Our client is developing small molecule precision medicines for the treatment of neurological and psychiatric disorders. They are seeking a Regulatory Strategy Director who can develop and implement regulatory strategies for a late-stage program. Reporting into the VP of Regulatory Affairs, you will work closely with cross-functional teams and interact directly with Health Authorities. This company offers a strong development pipeline, innovative science, and excellent funding.
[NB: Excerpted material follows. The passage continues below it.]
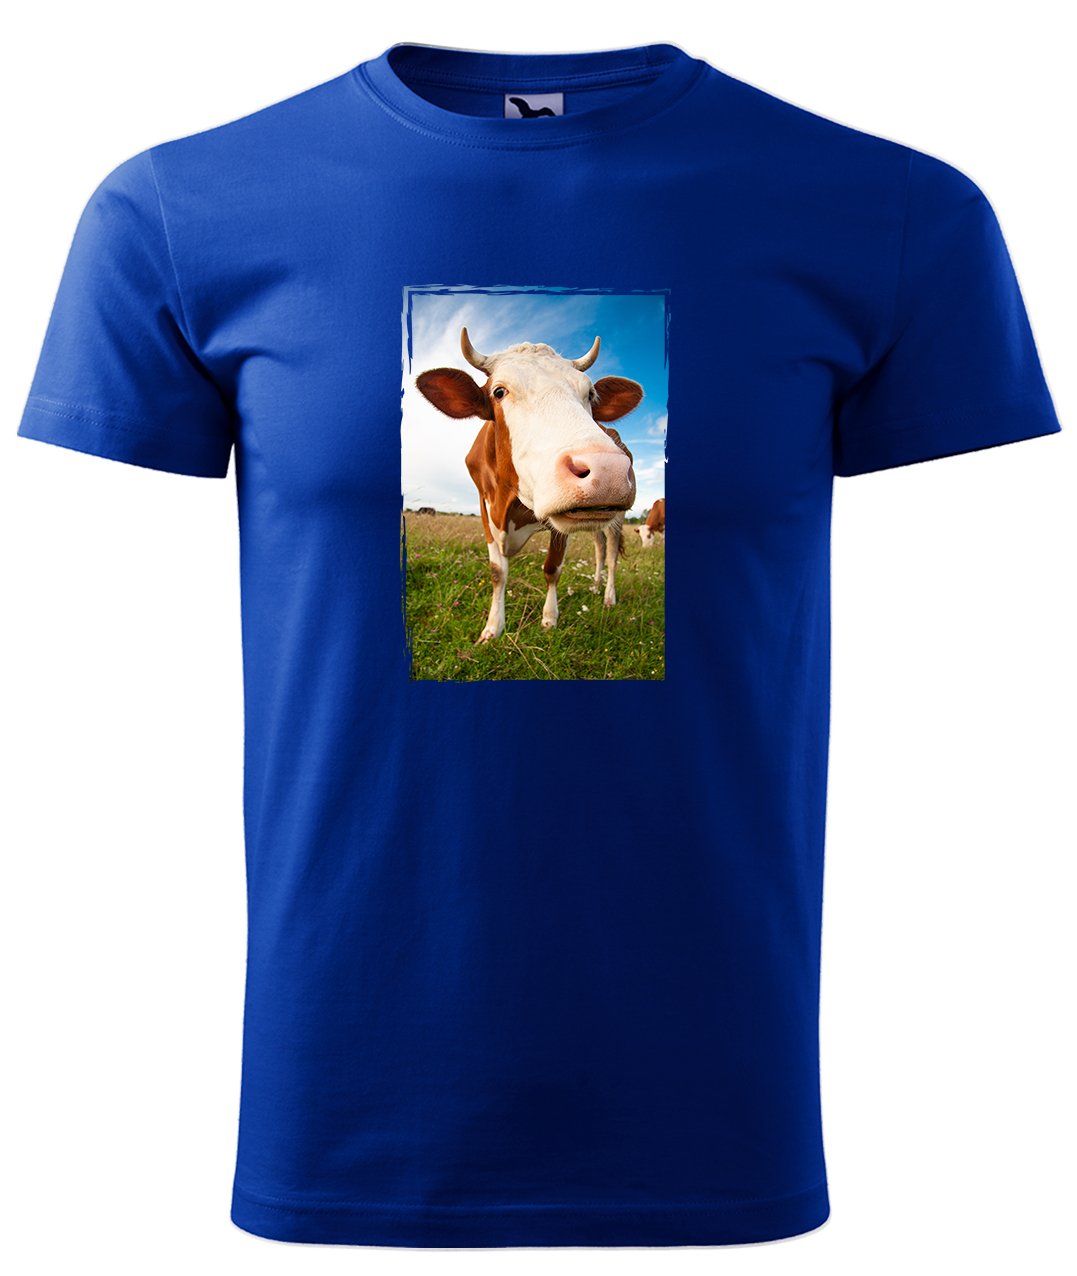 Dětské tričko s krávou - Na pastvě Velikost: 8 let / 134 cm, Barva: Královská modrá (05), Délka rukávu: Krátký rukáv

With two programs going into Phase 3 global trials, now is an exciting time to join this growing organization!
Responsibilities:
- Create and implement innovative and effective regulatory strategies to support the development of global drug development programs, including a Phase 3 epilepsy program.
- Provide regulatory expertise and advice to cross-functional team members including clinical, CMC, clinical pharmacology, and nonclinical.
- Serve as the regulatory lead on project teams.
- Represent the company as the point of contact for FDA and other regulatory health authorities.
- Maintenance of regulatory applications such as INDs, CTAs, NDAs, etc.
- Identify regulatory risks and mitigation plans.
- Ensure compliance with local and international submission requirements.
- Manage CROs as applicable.
- Ensure exemplary ethics and transparency within the company and with health authorities.
- Keep current with global regulatory landscape and advise project teams on potential impact to programs
- Provide mentorship and support to junior team members to foster their professional growth and development.
Qualifications:
- Bachelor degree in life sciences required. Advanced degree such as MS, PhD, or Pharm D preferred.
- 12 or more years of experience in the pharmaceutical or biotech industry with 10+ years in clinical Regulatory Affairs.
- Experience with neurology/CNS programs and small molecules preferred, but not required.
- Must be able to develop regulatory strategies and also do more tactical hands-on execution.
- Late-stage/Phase 3 experience highly desired.
- Experience working with DAAP or Neurology FDA Divisions is desired, but not required.
- Must have Global drug development experience including EU/EMA.
- Experience working on a major marketing application (NDA/BLA/MAA) a plus.
- Ability to manage competing priorities, influence and integrate within a team, manage timelines and deliver on corporate and program goals.
- Strong interpersonal skills and alignment with the company’s values and company culture
- Must demonstrate strong leadership and team building skills, including experience with conflict resolution and real time problem solving.
- Thorough understanding of the development phases within a fast-moving biopharmaceutical organization.
- Exceptional written and verbal communication skills.
- Must be flexible and comfortable with ambiguity in a fast-paced, small company environment.
NOTE: This hybrid role is based in Boston MA. Local employees must be onsite in the office three days a week; those outside of the Boston area must be onsite once per quarter. East Coast candidates are highly preferred.
The budgeted salary range for this position is $220,000 to $240,000 plus an annual target bonus, equity, and comprehensive benefits. Actual salaries may be based on a number of factors including, but not limited to, a candidate’s skill set, experience, education, and other qualifications. Posted salary ranges do not include incentive compensation or any other type of renumeration.